You are right in your hypothesis of where the objects are located. About usage,
It's horses for courses. There is no definite rule, it depends on the design & the type of functionality you want to implement. For example:
One may choose the pointer version to achieve lazy initialization or polymorphic behavior, neither of which is possible with global non pointer object approach.
Right. Declared variables go in the DataSegment. And they sit there for the life of the program. You cannot free them. You cannot reallocate them. In Windows, the DataSegment is a fixed size....if you put everything there you may run out of memory (at least it used to be this way).
I'm aware that questions about the stack vs. the heap have been asked several times, but I'm confused about one small aspect of choosing how to declare objects in C++.

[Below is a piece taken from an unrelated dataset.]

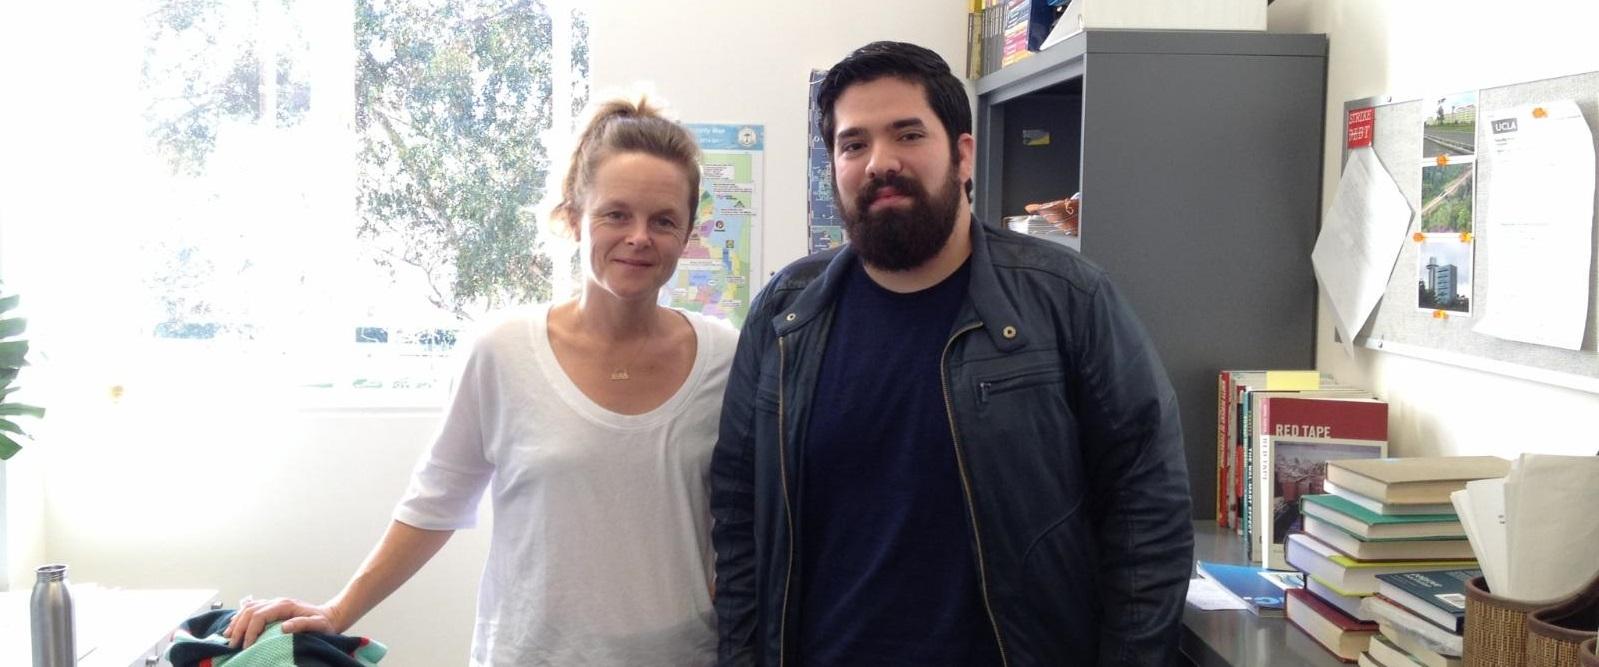 URC-HASS Student Felipe Huicochea with Faculty Mentor Hannah Appel

I understand that the heap--accessed with the "new" operator--is used for dynamic memory allocation. According to an answer to another question on Stack Overflow, "the heap is for storage of data where the lifetime of the storage cannot be determined ahead of time". The stack is faster than the heap, and seems to be used for variables of local scope, i.e., the variables are automatically deleted when the relevant section of code is completed. The stack also has a relatively limited amount of available space.
In my case, I know prior to runtime that I will need an array of pointers to exactly 500 objects of a particular class, and I know I will need to store the pointers and the objects throughout the duration of runtime. The heap doesn't make sense because I know beforehand how long I will need the memory and I know exactly how man objects I will need. The stack also doesn't make sense if it is limited in scope; plus, I don't know if it can actually hold all of my objects/pointers.
What would be the best way to approach this situation and why? Thanks!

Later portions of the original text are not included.